HC Deb 19 July 1883 vol 281 cc1895-6
MR. O'BRIEN

asked Mr. Attorney General for Ireland, Whether his attention has been called to a summons heard before Captain Hatchell, R.M. at the Glin (county Limerick) petty sessions, on July the 12th, as to which a number of fishermen were fined for trespassing on a passage to the beach; whether he is aware that the case made for the fishermen was that they only passed over a fence erected a few years ago by the landlord, to bar a public right of passage to an important salmon fishery, which right of way the fisherman had until then enjoyed, and which was recognized by the Board of Works at the time of the erection of the Fishery Pier in 1876, when the passage was left open; whether the magistrates allowed the landlord to controvert the defendants' case by reference to documentary proof of his title; whether they undertook to decide for themselves the question of title thus raised, and, notwithstanding the protest of the defendants' solicitor, declined to make the fines of an amount that would entitle the defendants to appeal to the Supreme Courts; and, whether magistrates are warranted by Law in ruling summarily an important public dispute as to title?

THE ATTORNEY GENERAL FOR IRELAND (Mr. PORTER)

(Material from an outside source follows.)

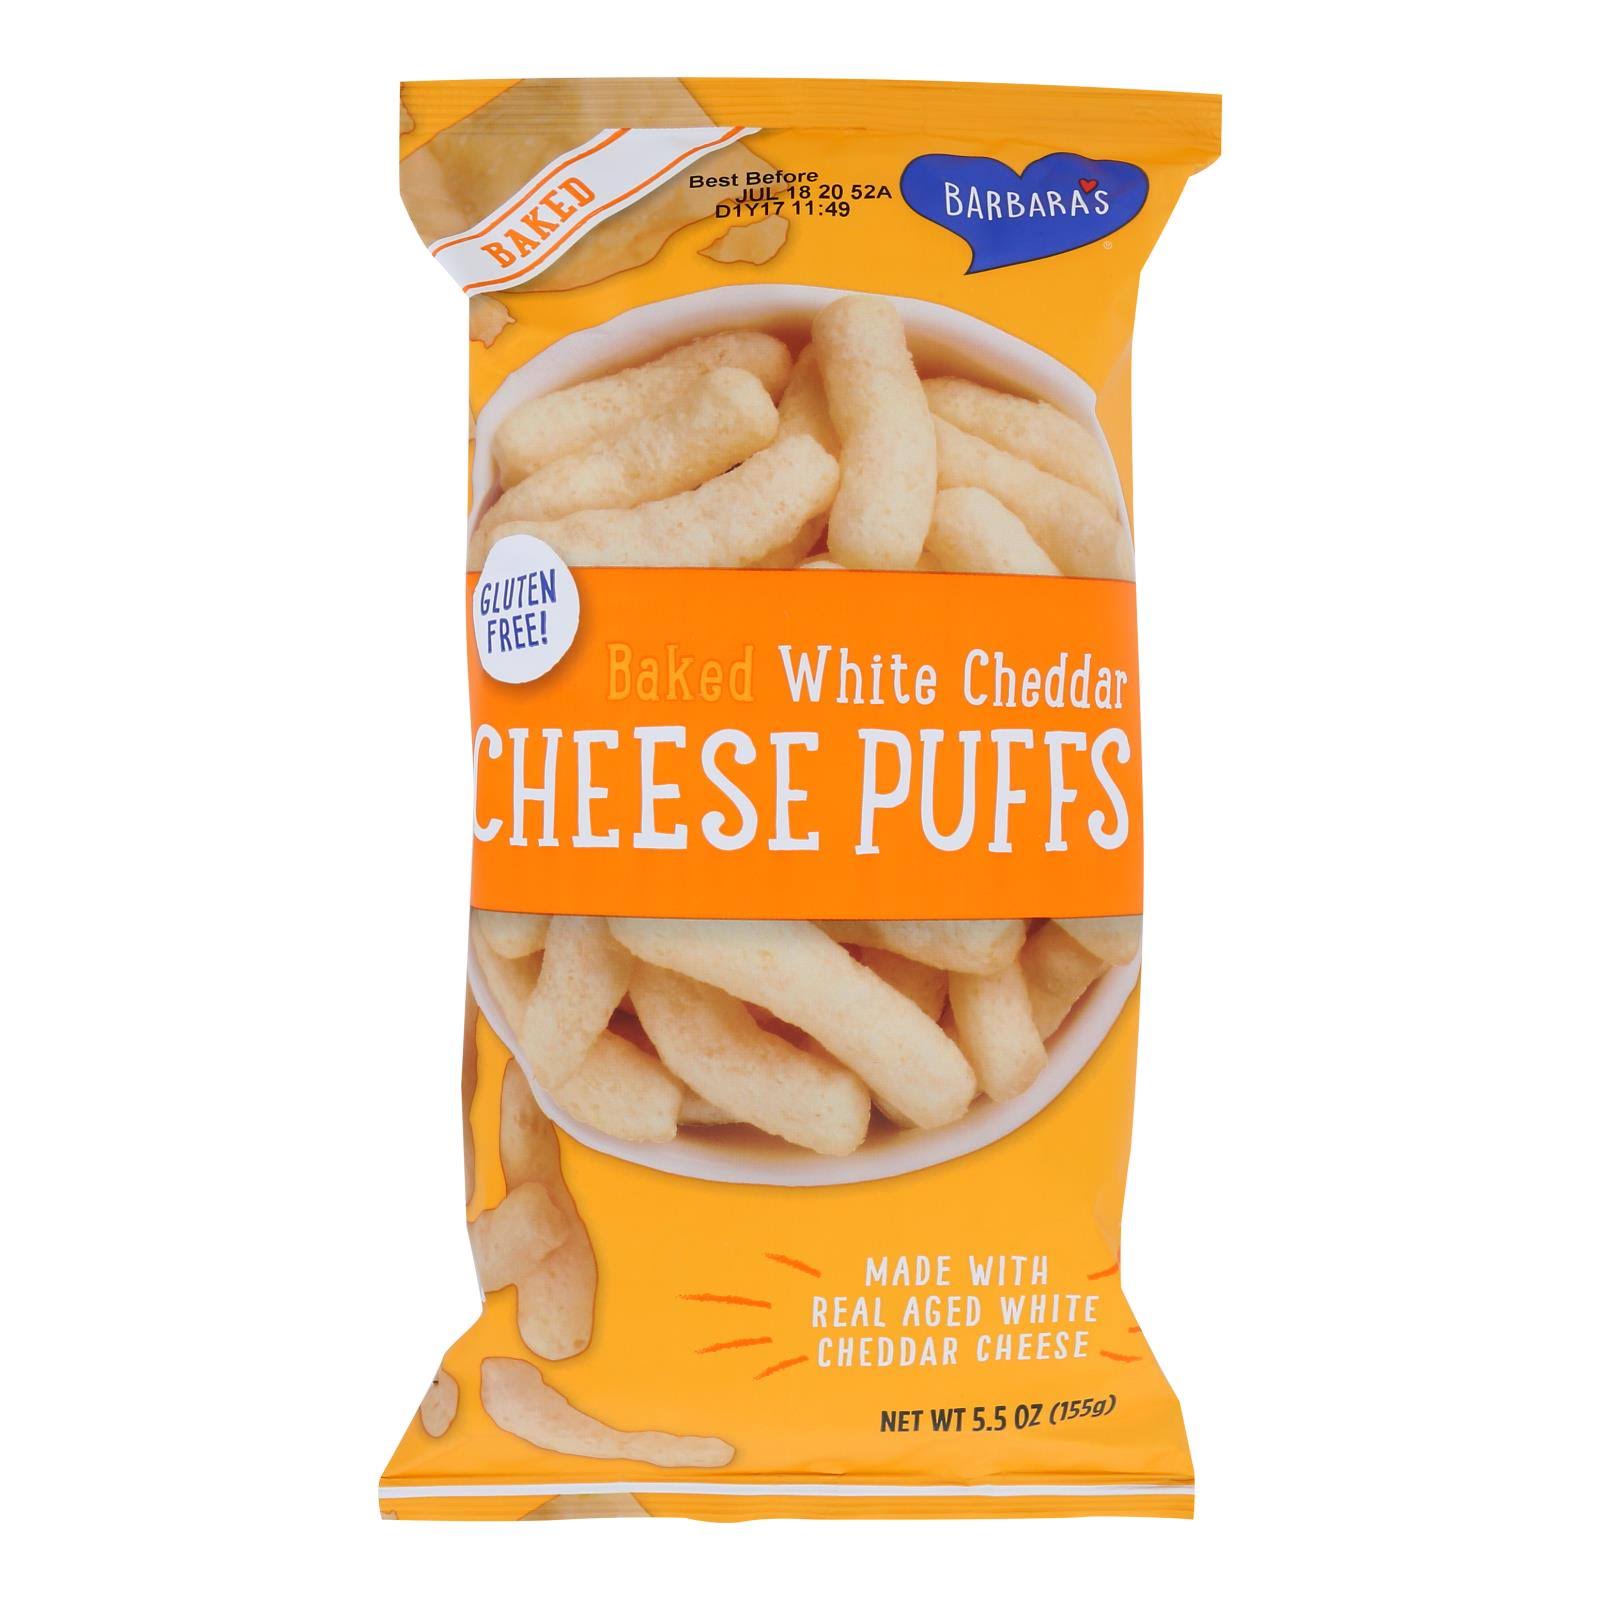 Barbara's Baked White Cheddar Cheese Puffs - 5.5oz

, in reply, said, his attention had been drawn to this matter only by the Question of the hon. Member. He would, therefore, ask him to postpone it, though he might say there was nothing to be gained by inquiry. The matter was one over which neither he nor the Government had any control. If the magistrates had done wrong, which he was very far from asserting, the aggrieved person had a legal remedy.